How can I migrate from "float" to "points" in MySQL? - mysql

I'm looking for a faster way to calculate Euclidean distances in SQL.
Problem I want to solve
The following "Euclidean distance calculation" is slow.
SELECT
id,
sqrt(
power(f1 - (-0.09077361), 2) +
power(f2 - (0.10373443), 2) +
...
...
power(f127 - (0.0778369), 2) +
power(f128 - (0.00951046), 2)
) as distance
FROM
face_feature
ORDER BY
distance
LIMIT
1
;
What I want to know
Can you share how to migrate from "float" to "points"?
I received the following advice, but I don't understand how.
Switch to POINTs and a SPATIAL index. It may be possible your task orders of magnitude faster.
MySQL
mysql> SHOW VARIABLES LIKE '%version%';
+--------------------------+------------------------------+
| Variable_name | Value |
+--------------------------+------------------------------+
| version | 8.0.29 |
| version_comment | MySQL Community Server - GPL |
| version_compile_machine | x86_64 |
| version_compile_os | Linux |
+--------------------------+------------------------------+
Table
mysql> desc face_feature;
+-------+------------+------+-----+---------+----------------+
| Field | Type | Null | Key | Default | Extra |
+-------+------------+------+-----+---------+----------------+
| id | int | NO | PRI | NULL | auto_increment |
| f1 | float(9,8) | NO | | NULL | |
| f2 | float(9,8) | NO | | NULL | |
..
| f127 | float(9,8) | NO | | NULL | |
| f128 | float(9,8) | NO | | NULL | |
+-------+------------+------+-----+---------+----------------+
Data
mysql> SELECT count(*) FROM face_feature;
+----------+
| count(*) |
+----------+
| 100003 |
+----------+
mysql> SELECT * FROM face_feature LIMIT 1\G;
id: 1
f1: -0.07603023
f2: 0.13605964
...
f127: 0.09608927
f128: 0.00082345
Reference (My other question)
How can I make "euclidean distance calculation" faster in MySQL?

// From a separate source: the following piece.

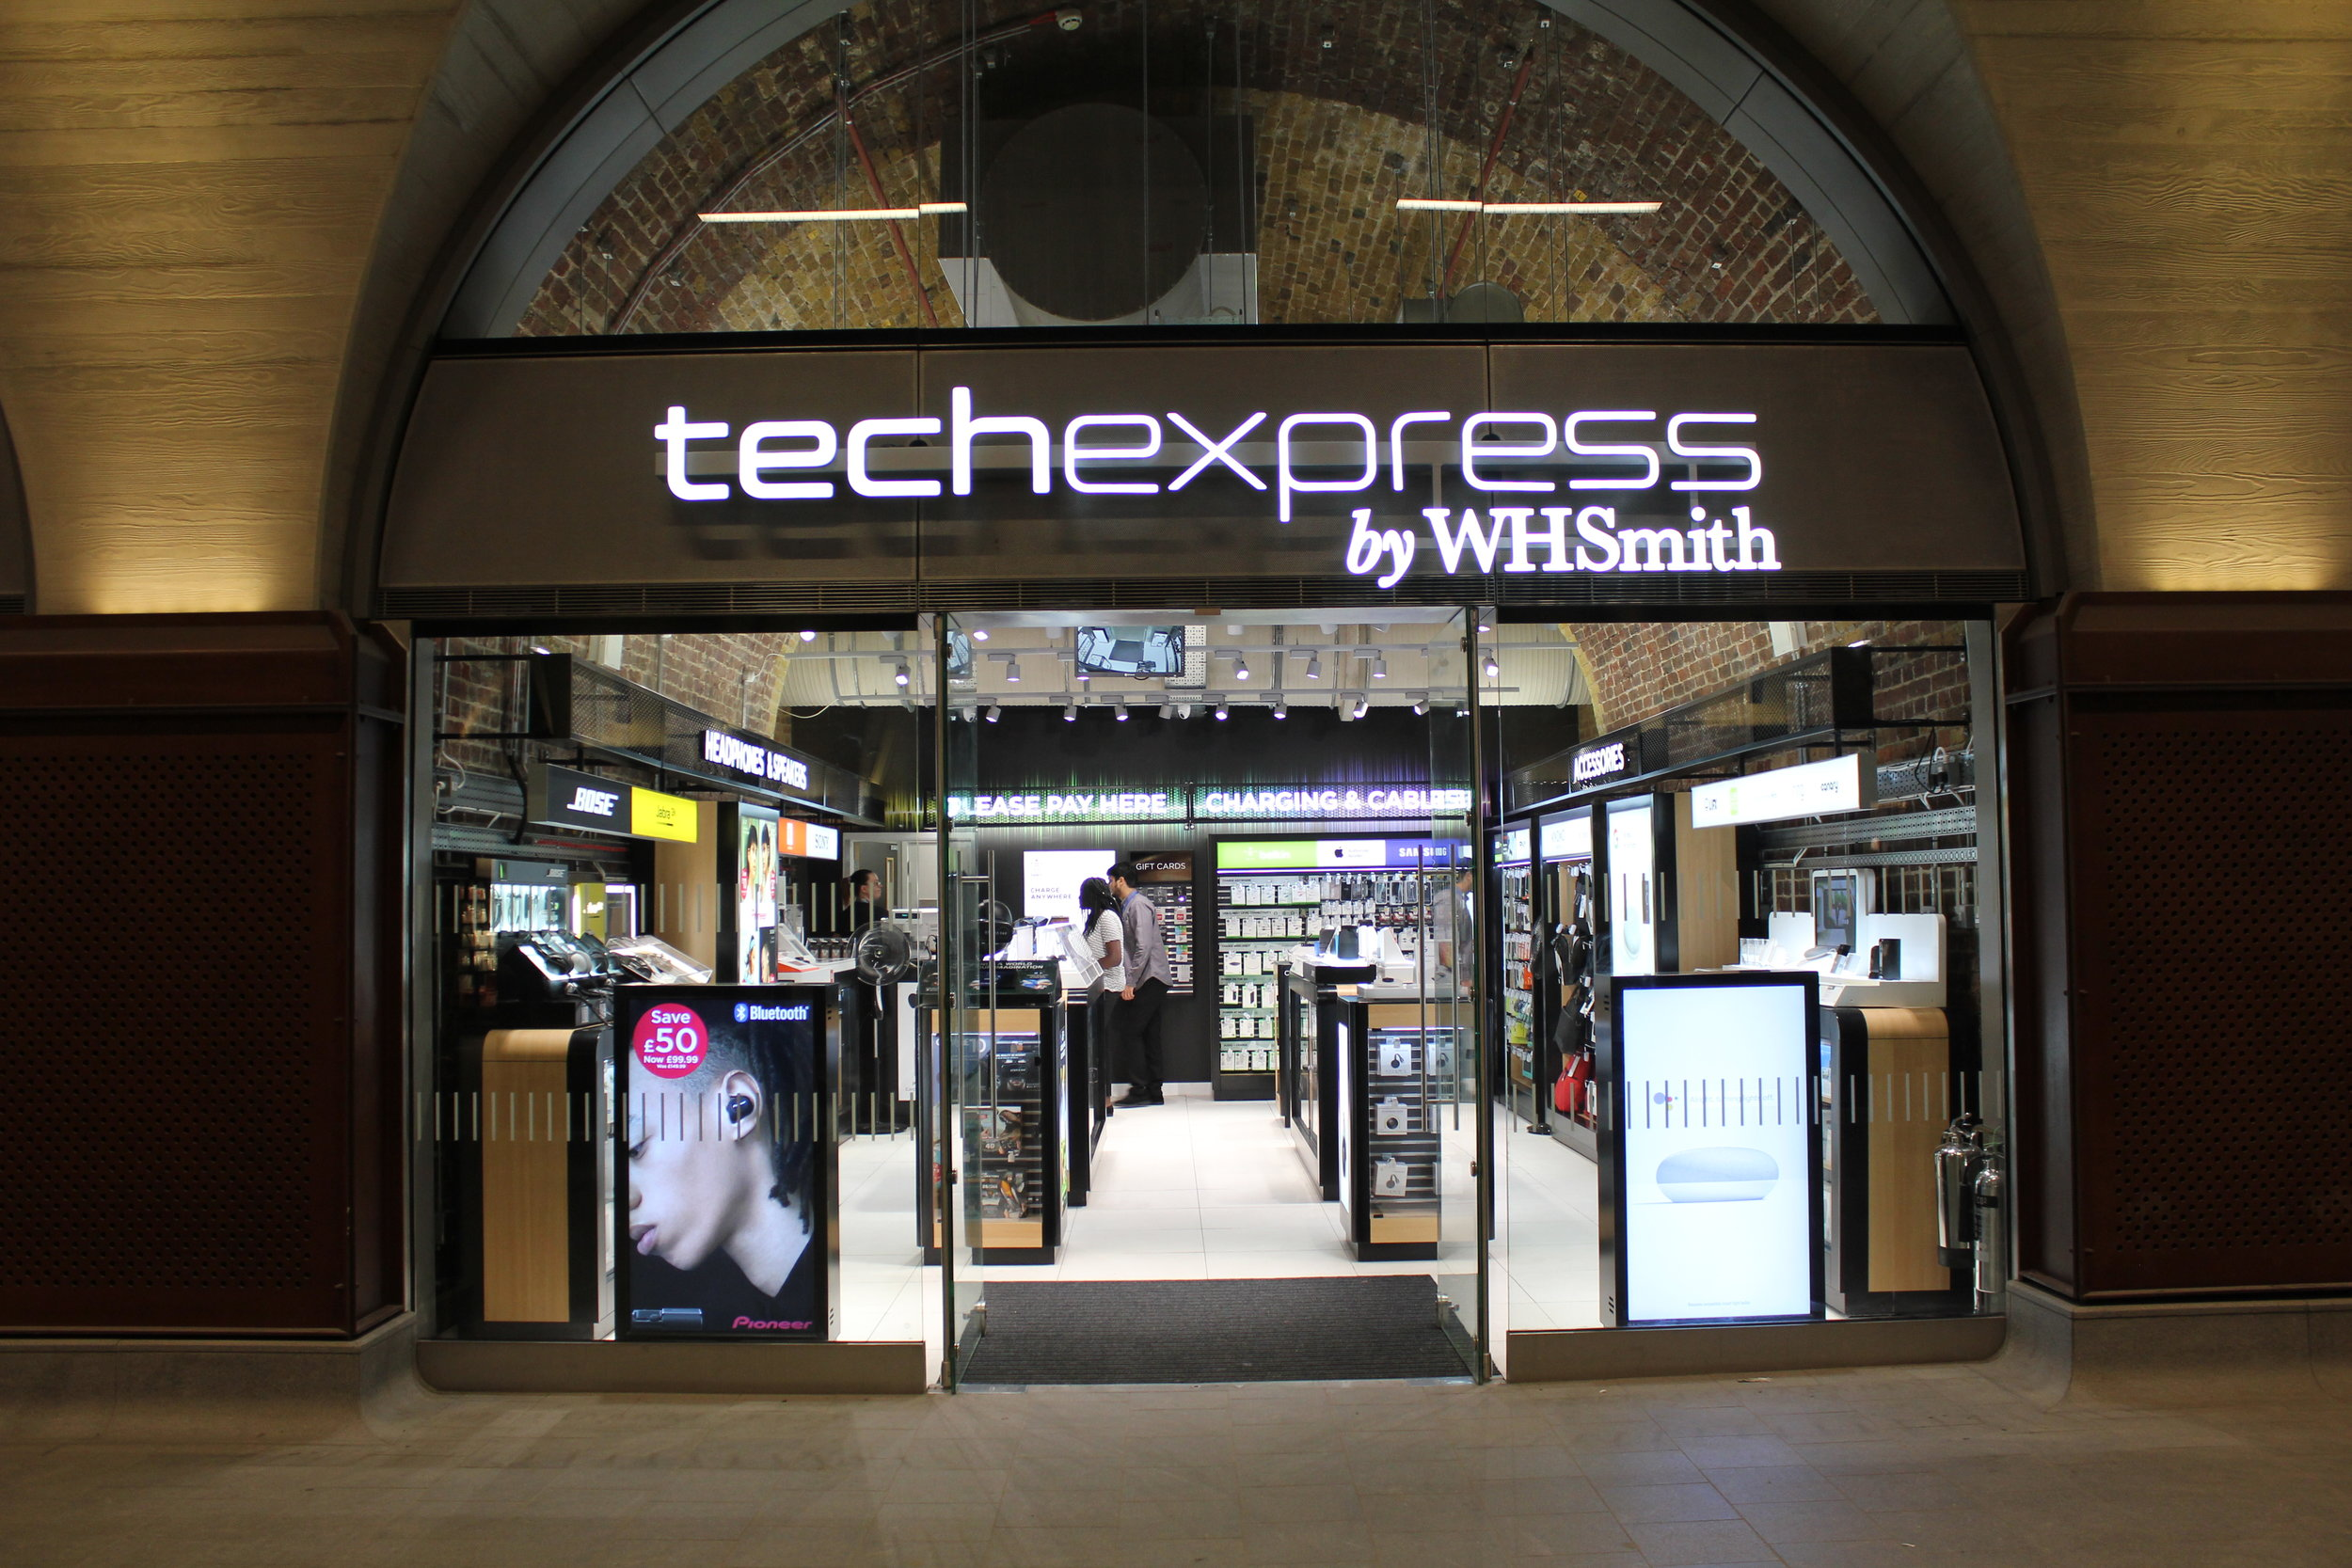 Tech Express WH Smith

Don't use FLOAT(M,N) it adds an extra rounding that only hurts various operations.
FLOAT(9,8), if the numbers are near "1.0" will lose some precision. This is because there are only 24 bits of precision in any FLOAT.
(m,n) on FLOAT and DOUBLE has been deprecated (as useless and misleading) in newer versions of MySQL.
There are helper functions to convert numeric strings to POINT values. Internally, a POINT contains two DOUBLEs. Hence the original DECIMAL(9,8) loses only a round-from-decimal-to-binary at the 53rd significant bit.
But the real question is about using SPATIAL indexing when the universe has 128 dimensions. I don't think it will work. (I have not even heard of using SPATIAL for 3 dimensions, though it should be practical.)

Related

How can I make "euclidean distance calculation" faster in MySQL?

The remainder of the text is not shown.